Similarly, duration of effects is complex. For example beavers may temporarily exhaust the resources of an area and then move on. Beaver structures may degrade and new habitats such as 'beaver meadows' will form. In due course beavers may return to the site. The duration of these effects may vary according to local circumstances and environmental conditions influenced by weather events.

It is recognised that the nature of these effects and the difficulties with predicting wild animal behaviour and environmental events lead to uncertainty in the assessment and the need for a more generic approach in the ER.

Assessment approach

The SEA assessment particularly for biodiversity, flora and fauna and cultural heritage focusses on designated sites and focuses on the nationally and internationally important designations in the beaver policy areas, consistent with the approach of assessment of significant environmental effects. However, the wider importance of freshwater and riparian habitats should be recognised and that not all species of conservation interest are restricted to designated sites. For species and habitats of conservation interest in the wider countryside it is recognised that there will be an ongoing need to assess data derived from general surveillance and monitoring activities that are already in place, and intervene with management if and when necessary. This will be informed by a more strategic approach to management being developed in due course.

The necessarily precautionary nature of HRA for European sites should be noted throughout the assessment and this rigorous approach needs to be viewed in this context.

Recording of Positive effects

As a result of the precautionary approach of the HRA and the aim of keeping the reporting succinct, many of the positive effects may get lost on reading because of their generic and long-term nature.
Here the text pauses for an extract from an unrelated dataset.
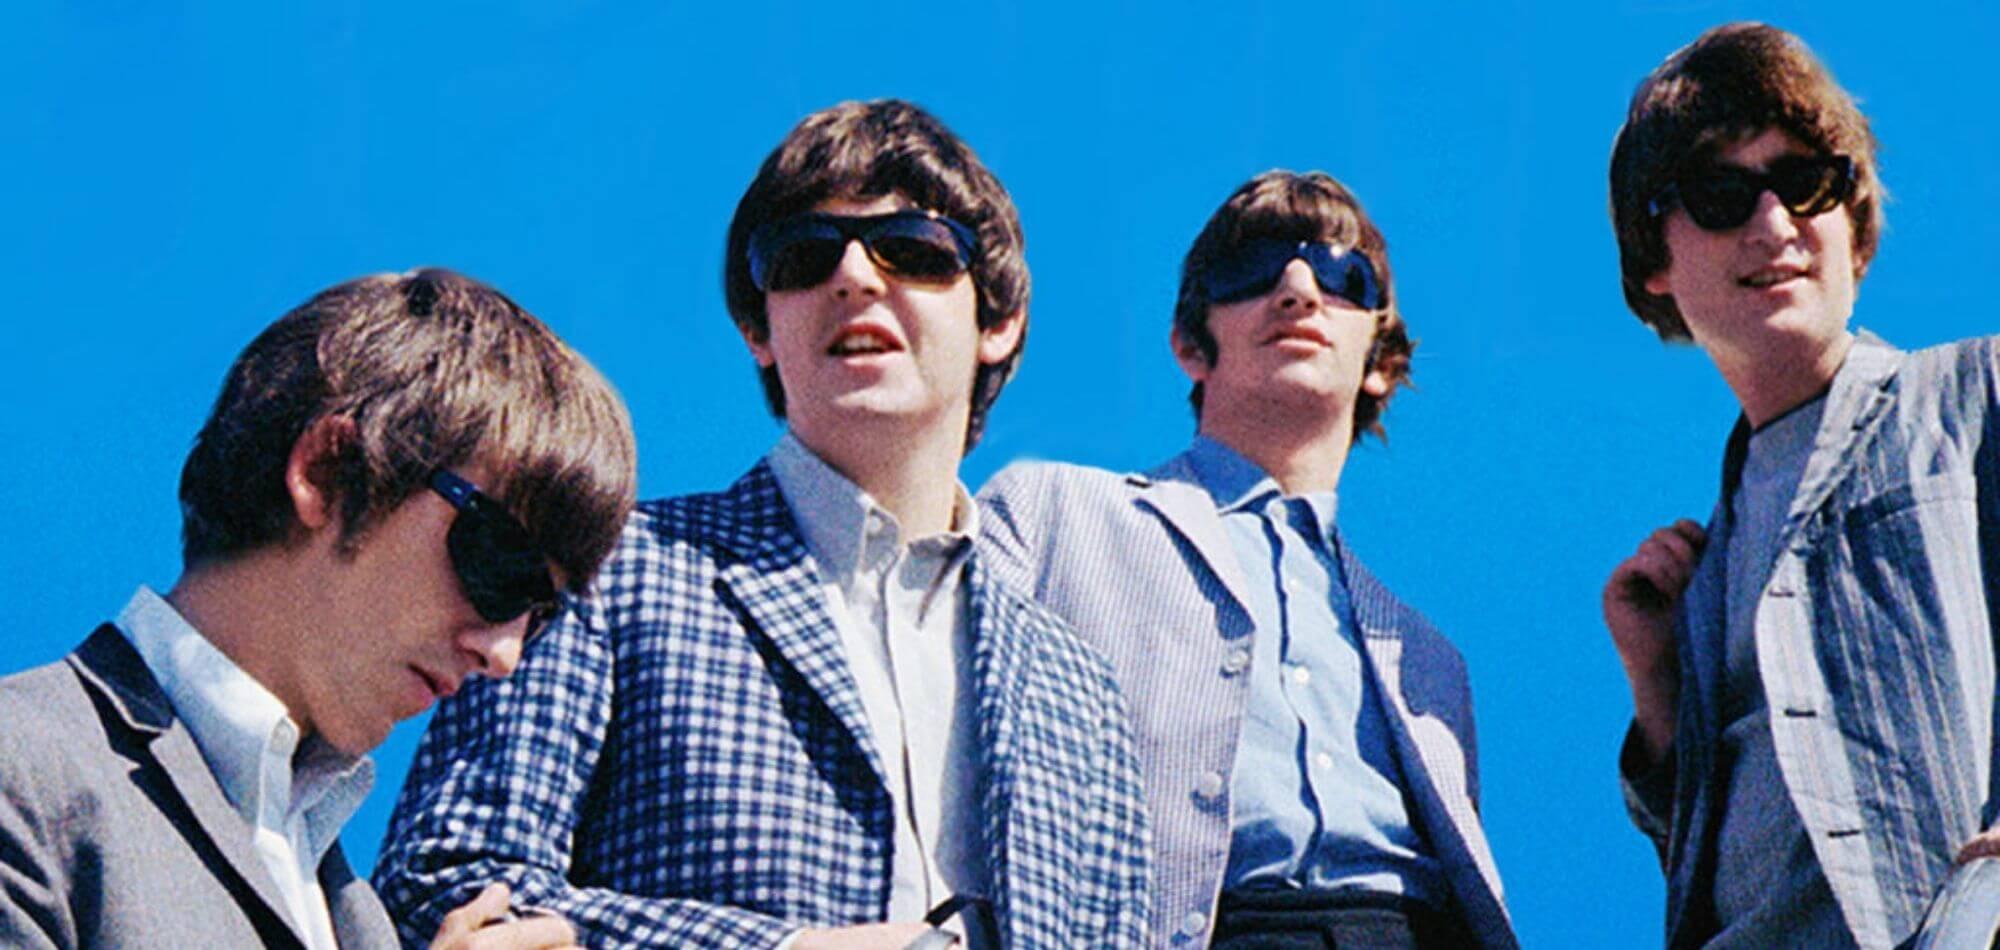 The Beatles: Eight Days a Week (2016)
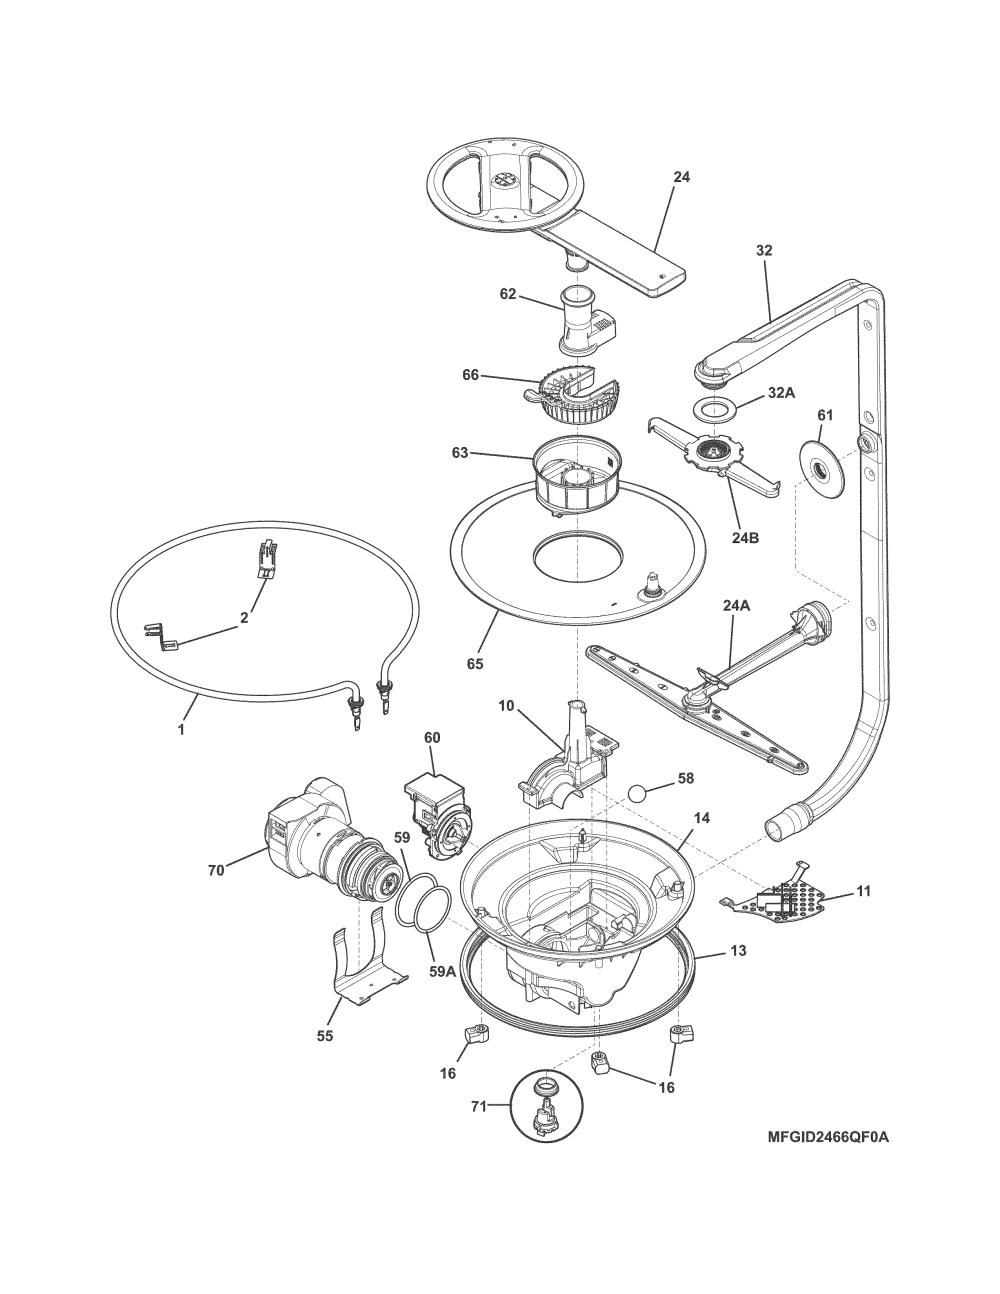 medium resolution of frigidaire fgid2466qf4a motor pump diagram

Positive effects have been identified in each of the assessment sections, but mainly in terms of a general overview.

Time Limitations

The HRA ( Annex 2) raises limitations in respect of validity of the timescale of the HRA assessment beyond 15 years. In particular, it states that "There should be a commitment to conduct an updated HRA after ten to twelve years, or at the point any new release site or other reinforcement is considered (whichever comes first). This should result in a new iteration of the HRA to take into account all relevant data acquired since the date of this HRA." Accordingly, this will require a refresh of the SEA within in a similar timescale.